Four Add-ons Planned For Sins of a Solar Empire
With the first add-on pack for Sins of a Solar Empire arriving in just under a month, publisher Kalypso Media has announced that three more add-ons are on their way as well. Gamespot has an early look at the first add-on, Entrenchment, and a couple of additional screenshots are available at Shacknews. The game's creative director, Craig Frazer, also explained their reasoning for making small expansions rather than large ones: "If PC gaming is to survive, the industry will need to be open to change. We went out on a limb with our anti-DRM stance and it paid off really well. We tried an unusually long beta period and that worked as well. Micro-expansions are just another experiment we are trying out to improve the market. These small expansions give us the opportunity to provide highly focused, high quality content within a reasonable time frame. Micro-expansions also reduce the development risk associated with 1-3 year cycles. With lower risk, we can be far more progressive in terms of gameplay and content."
Looking forward to play it. :)
Uh oh, $15 (approx) "Micro" expansions. Don't let EA find out about this or else Walmarts will have to double in size to handle all those Sims addons.

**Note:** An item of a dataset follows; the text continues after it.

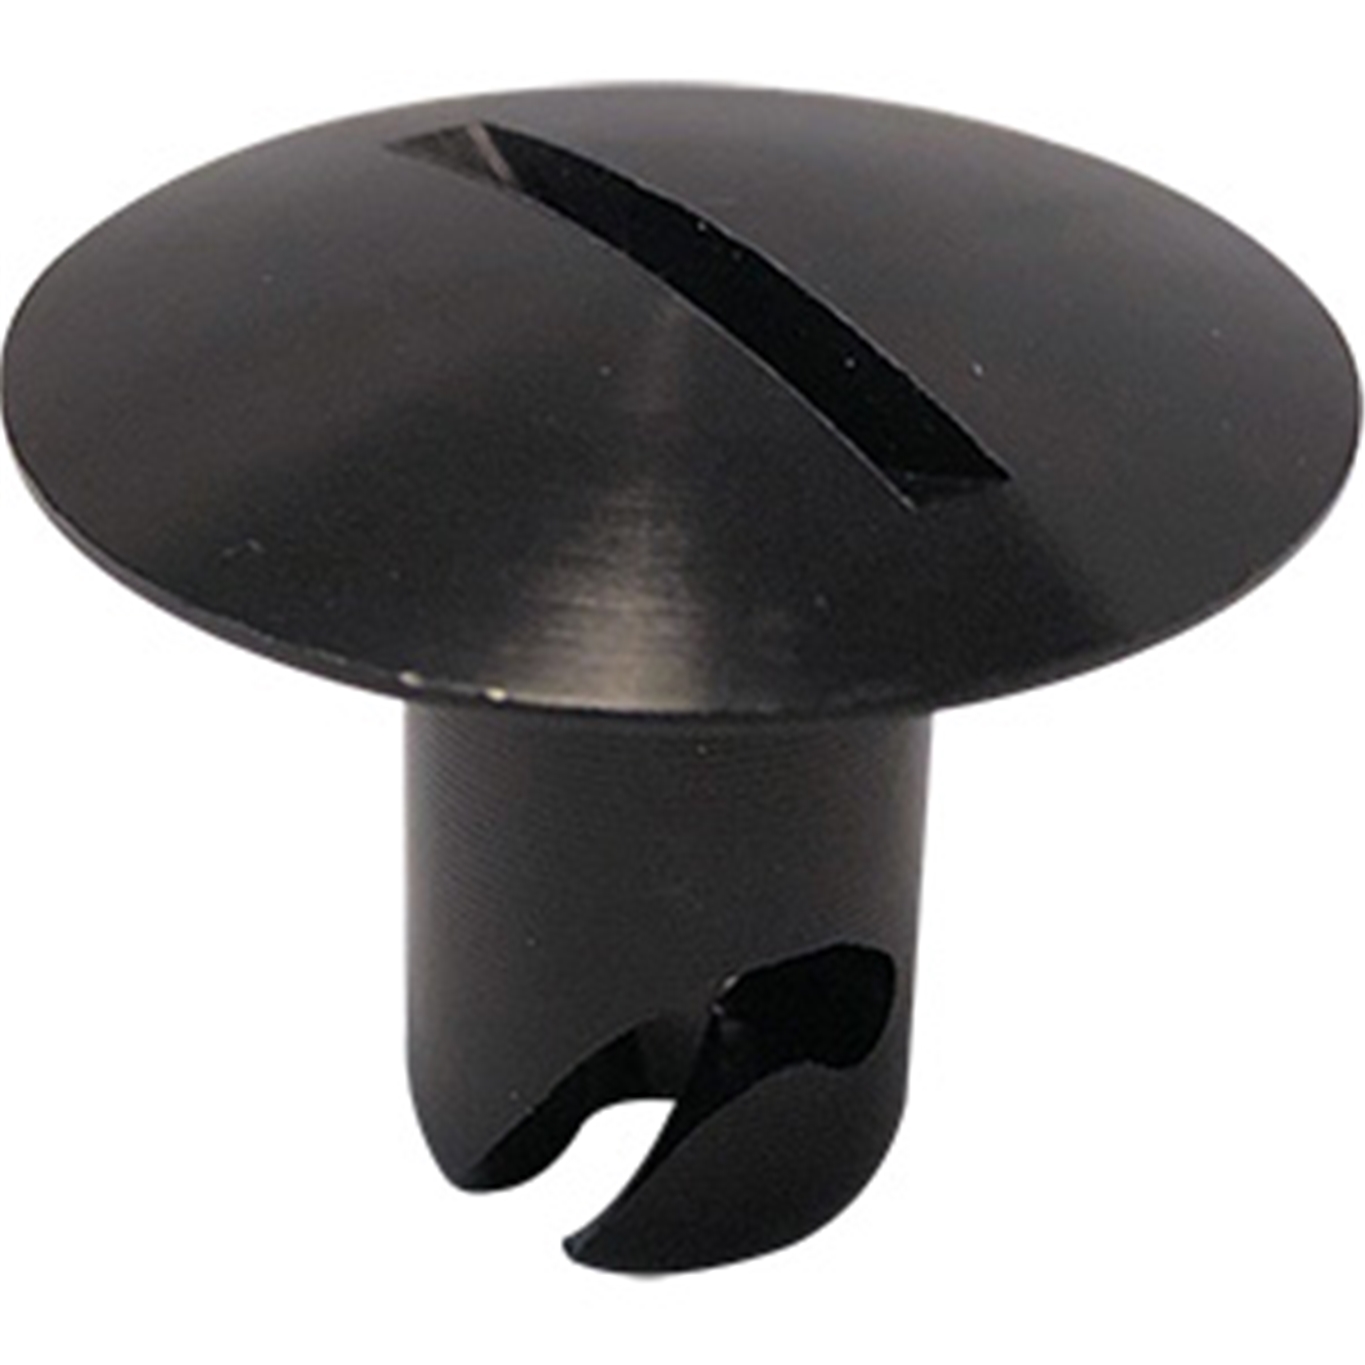 Panelfast Black Big Oval Head Aluminum 7/16".500 Grip

I will bend like a reed in the wind.
Should they really tell people "hey, we're making more and more expansions for you to waste your money on"?
Justice is the sheep getting arrested while an impartial judge declares the vote void.

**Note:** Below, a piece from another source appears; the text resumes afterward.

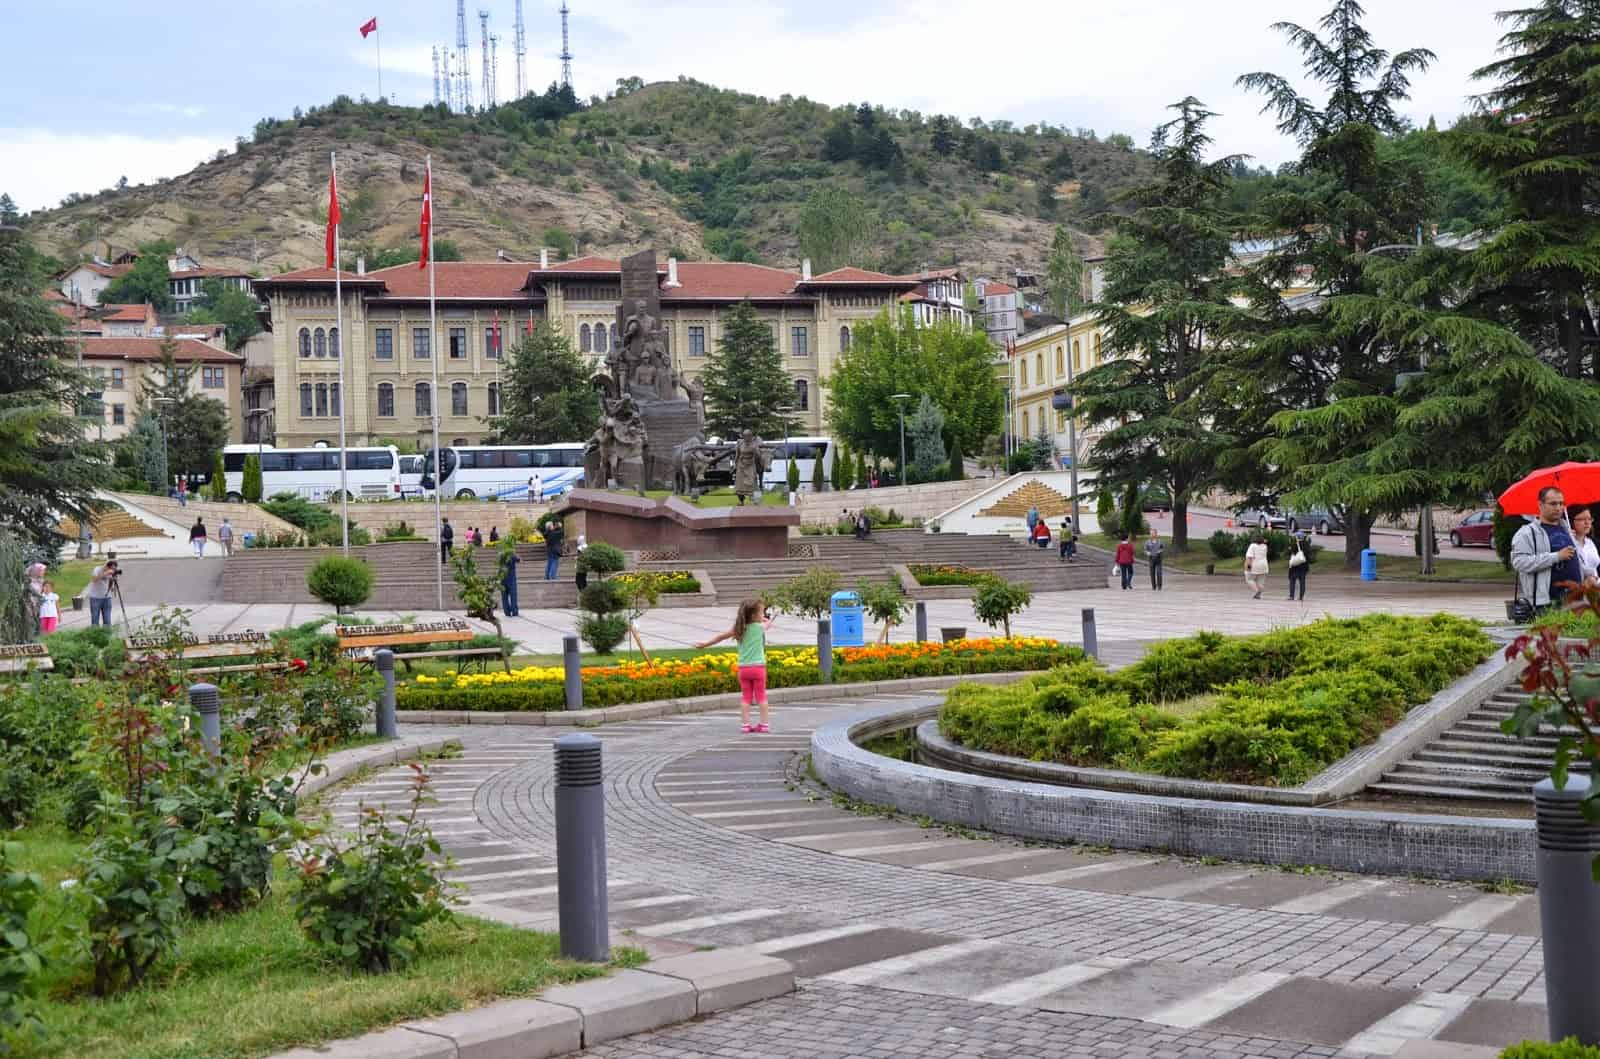 Kastamonu Valiliği and Cumhuriyet Meydanı in Kastamonu, Turkey

I recall the game "Total Annihilation", a popular real time strategy game from the 90s. The publisher, CaveDog, periodically would add new units to the game (something like one a month or so). While I also like it when the publisher includes map editors, it is still good to get new material from the original developers.
I only hope these micro-expansions also have a micro-price.
What they ought to do is offer one pack of expansions that includes all the expansions released up to that point, with appropriate discounts if you already have a subset of the included content. I can't see a la carte expansions ever working.
Anti DRM unless you want patches (and maybe addons...) and you can overlook the DRM they include with Stardock Central and Impulse... Other than that, sure. They are TOTALLY anti-DRM. /sarcasm
Every time I start to have faith in humanity, I ruin it by driving to work between 7 and 8 am.
The articles only mention three. Whats this about a fourth one?
-- "So they told me that using the download page to download something was not something they anticipated." - Bill Gates
Sounds like an attempt to milk the cash cow to me. I suspect the only way these micro expansions will work out is if they also come with a micro price.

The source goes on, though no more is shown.